Dataset split scheme

Split data of all 178 backends into train/valid/test set in the ratio of 80%:10%:10%

  • Dataset Info
Task Train Valid Test
Statement-Level Comp. 128,899(11.36M Token) 16,112(1.43M Token) 16,113(1.43M Token)
Next-Statement Sugg. 173,052(15.69M Token) 21,631(1.99M Token) 21,632(1.98M Token)
Code Generation. 36,236(5.10M Token) 4,530(0.64M Token) 4,530(0.64M Token)

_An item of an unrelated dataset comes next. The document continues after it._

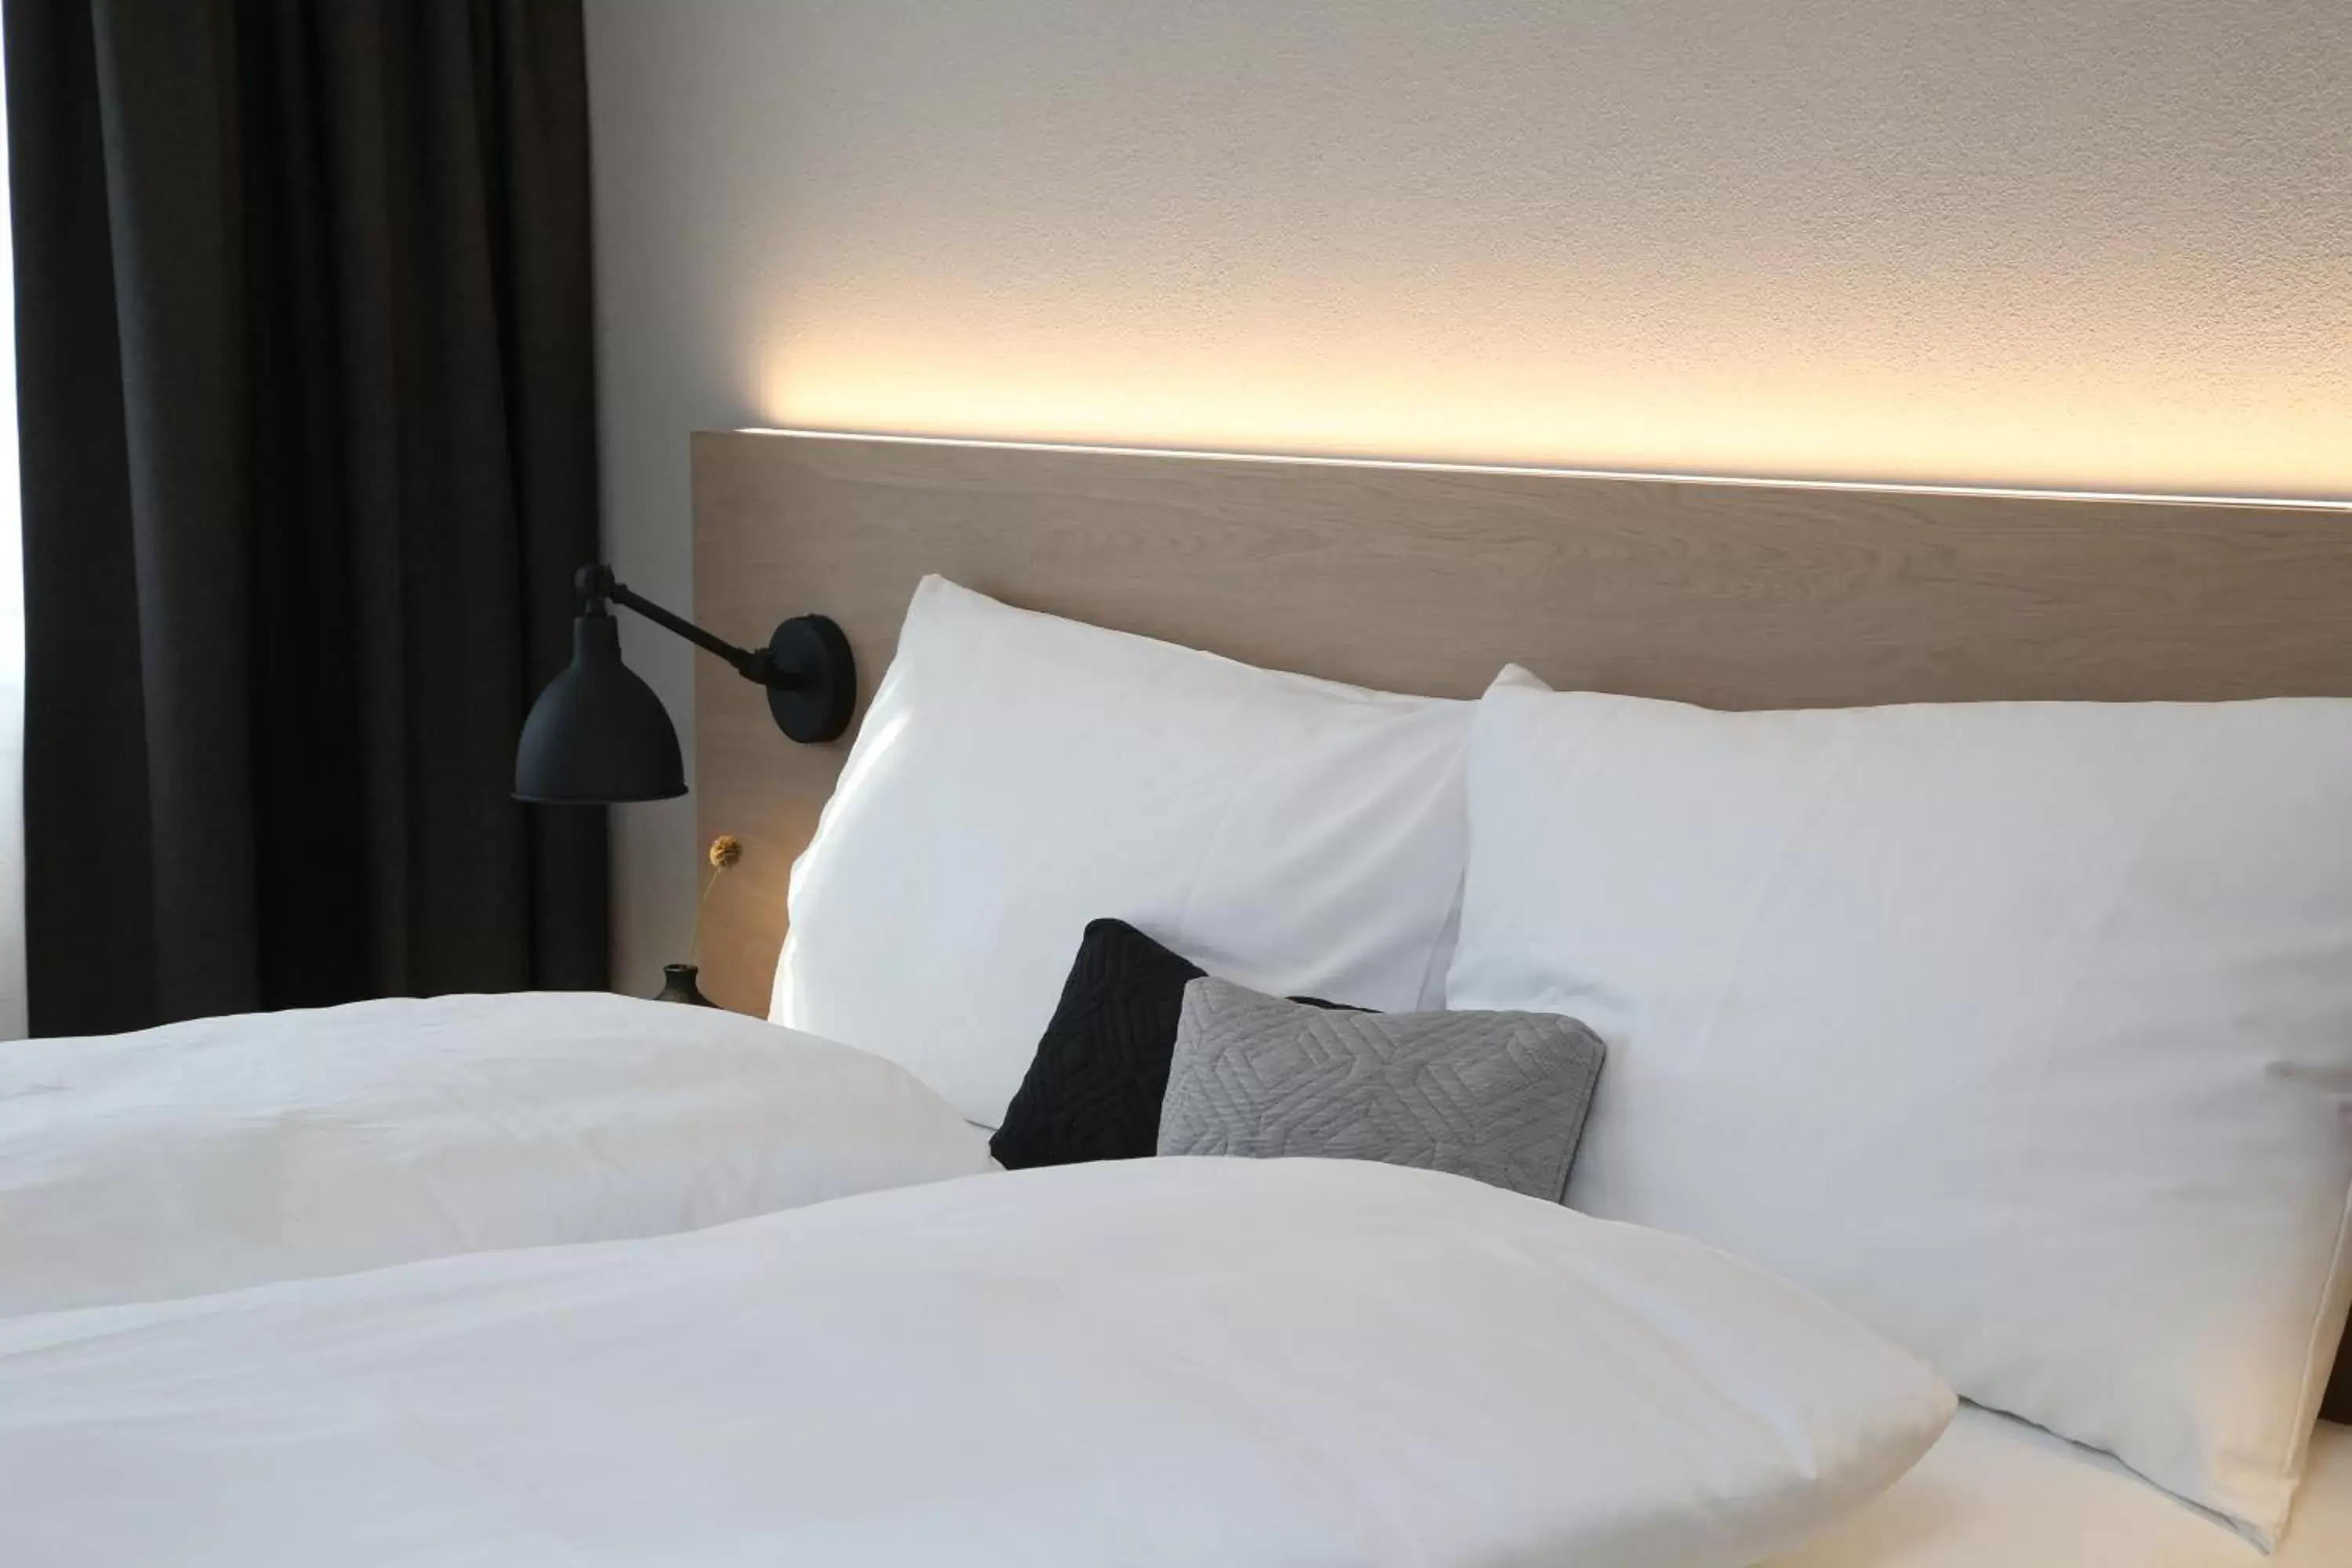 Decorative detail, Bed in Forum - das Business & Lifestylehotel

Reproducing results in Table.2 by running:

# Model Type Options: CodeBert, GraphCodeBert, UnixCoder, CodeT5, NatGen, CodeT5+
# Task Options: code-generation, code-completion
bash ./Script/Model/{Model Type}/{Task}/run_test.sh

Results

  • Without Fine-Tuning

    Stmt. Comp. Stmt. Comp. Next. Sugg. Next. Sugg. Code. Gen. Code. Gen.
    Model EM ED EM ED BLEU4 ED
    CodeBert-c 0.00 0.97 0.00 1.31 0.00 0.44
    GraphCodeBert-c 0.00 0.35 0.00 0.54 0.00 2.41
    UnixCoder-base-nine 0.07 27.56 15.93 29.11 0.00 31.81
    CodeT5-base 0.65 21.45 7.23 23.50 0.00 13.57
    NatGen 0.00 13.52 0.02 15.95 0.01 28.76
    CodeT5+-220m 0.02 7.24 0.12 9.87 0.00 12.33
  • Fine-Tuned

    Stmt. Comp. Stmt. Comp. Next. Sugg. Next. Sugg. Code. Gen. Code. Gen.
    Model EM ED EM ED BLEU4 ED
    CodeBert-c 53.84 77.44 52.67 70.82 23.54 54.63
    GraphCodeBert-c 43.00 71.89 47.10 61.31 20.73 48.83
    UnixCoder-base-nine 67.84 85.06 58.51 75.31 56.24 73.45
    CodeT5-base 66.38 84.34 58.52 76.03 70.87 80.45
    NatGen 67.47 84.83 60.30 76.84 71.73 81.39
    CodeT5+-220m 66.93 84.45 59.57 76.41 75.28 82.95

4. Reproducing Results in Table.3

Dataset split scheme

Take data of RISC-V,ARC,NVPTX both in GCC and LLVM as test set, split train/valid set in the ratio of 85%:15% of other CPU, MPU and GPU targets excluding RI5CY(RI5CY is custmoized based on RISCV)

  • Datset Info

    Task Train Valid Test
    Statement-Level Comp. 114,016(10.20M Token) 20,121(1.81M Token) 6,645(0.58M Token)
    Next-Statement Sugg. 152,114(14.10M Token) 26,844(2.49M Token) 9,313(0.83M Token)
    Code Generation. 30,633(4.44M Token) 5,406(0.79M Token) 2,819(0.37M Token)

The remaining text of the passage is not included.